大学のプログラムでは依然、臨床トレーニングの最中に学位論文のための研究が2-3年も入って、トレーニングが中断することがある。臨床の技術はいつでも習得できるからと卒後2-3年の医師に研究をさせる大学もある。しかしこれは正しくない。よく考えてほしい。卒後7年もたって医学博士にもなっている者が、手術の糸結びも満足にできないとき、「こうやって結ぶんだよ」などと教える親切な指導医がいるだろうか?まだレジデントだから、「何やってんだ。こうやるんだよ」と教えてもらえるのである。技術を習得するには適齢期があるのだ。

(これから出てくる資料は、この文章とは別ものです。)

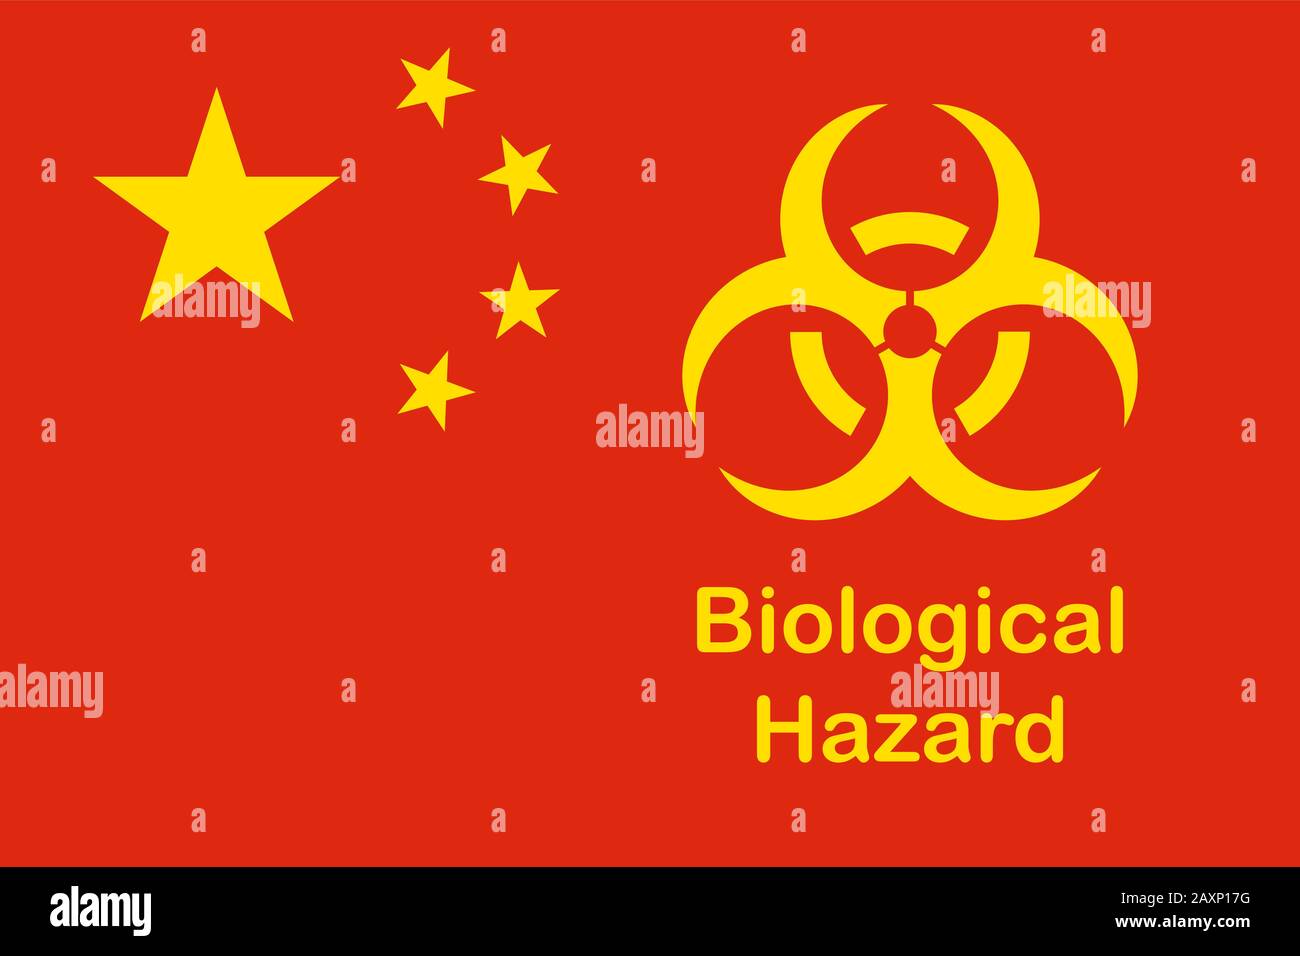 Biological Hazard, Coronavirus, China. Vector illustration, flat design. Stock Vector

英語で書かれた論文だけが"論文"に値すると考えてほしい。日本語で書いたものは海外では誰も読んではくれない。そのために、論文が寝転がって読めるくらいに、医学英語に習熟してほしい。英語で書いた論文に海外から問い合わせがあると、「世界の中の自分」を感じることができる。積極的に外国での発表を行い、自分を磨こう。
また抄読会を毎週火曜日もしくは金曜に行っており、疑問はどんどん出して解決しよう。知らないことを恥じるのではなく、知らなかったことをなくせて良かったという気持ちにしよう。解決しないなら、宿題に。

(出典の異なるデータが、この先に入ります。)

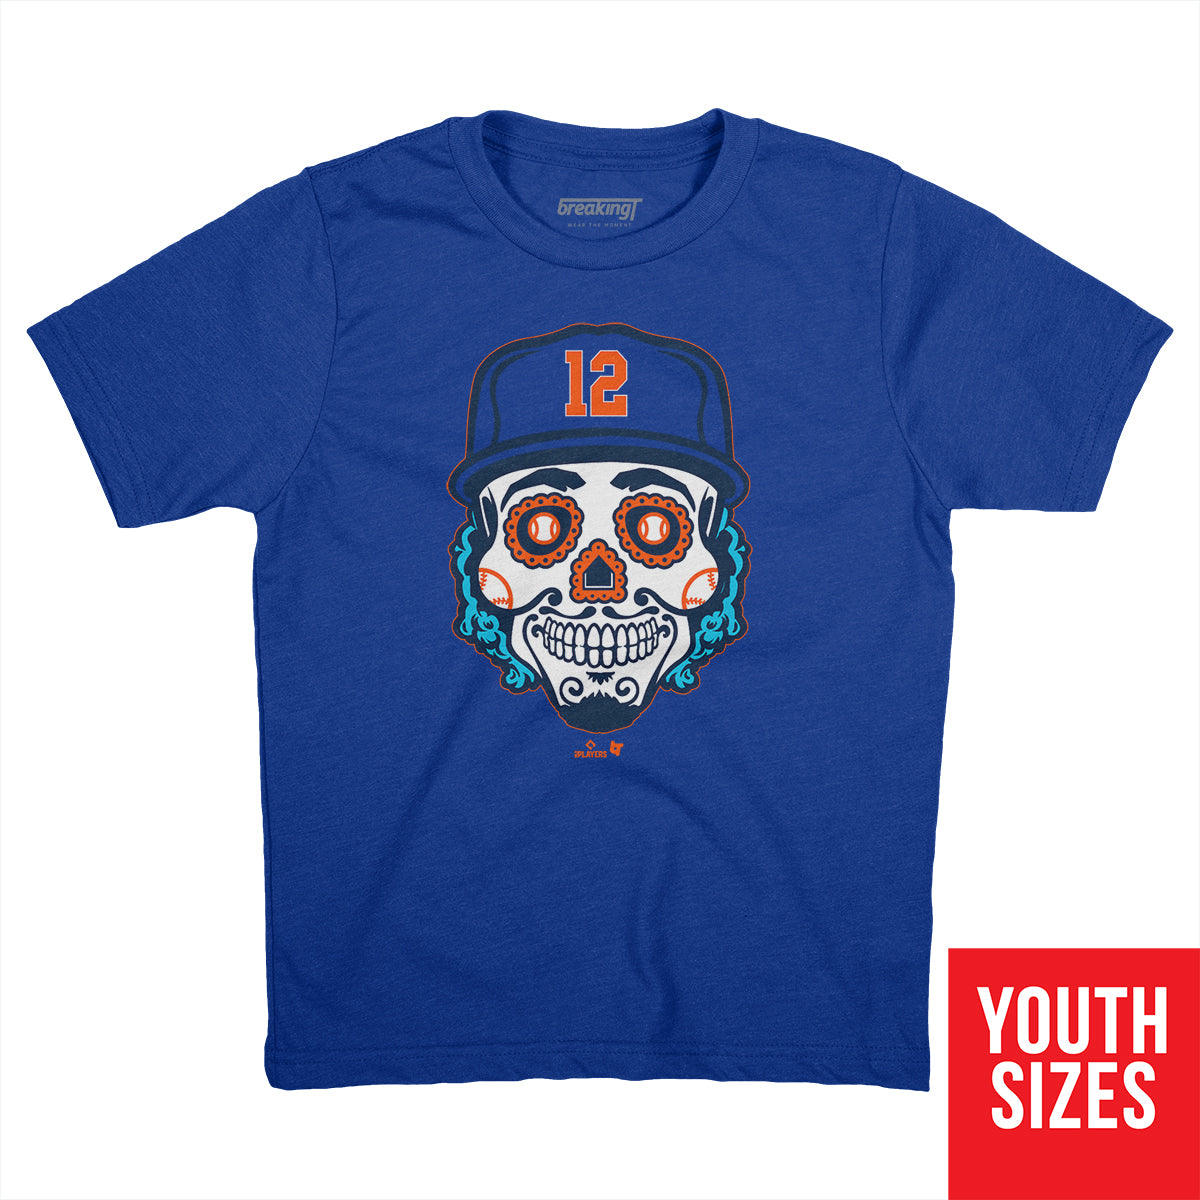 Sugar Skull Houston Astros Shirt - High-Quality Printed Brand

現在の保険制度が臨床医の技術を評価せず、医療の質にかかわらず、すべて横並びという従来の社会主義的システムを堅持していることを本当に残念に思っている。そのため外科などの3K科へ入局する新人が減り、熟練技術者たる外科医の報酬が不当に低くなっている。早く構造改革がわれわれの分野にも起こってくれないかと思っているが、その日に備えいかに自分を磨いておくかが鍵となる。専門医の資格や学位などは取れるうちに取っておき、学内外にさまざまな人脈を作っておく。年功序列型から実力による勝ち抜き型になるので、先輩を追い抜くことを考えておくべきである。先輩も逃げるのに必死であり、必死になるべきである。
当科では基本的にチーム制度をしいており、常勤医師の指導のもとに動くシステムのため、レジデントの医師が責任を深く持つことはありません。最終責任は、部長である中山が取ります。常勤医師はチームでの行動を通じて、各指導医の知識や経験、考え方と技術を学んでいきます。また、レジデント医師へのレクチャー(20~40分程度)があり、レジデントハンドブック(資料1)を用いて年間を通じて行い、知識、技術習得の補助とします。最終責任は、部長である伊藤が取ります。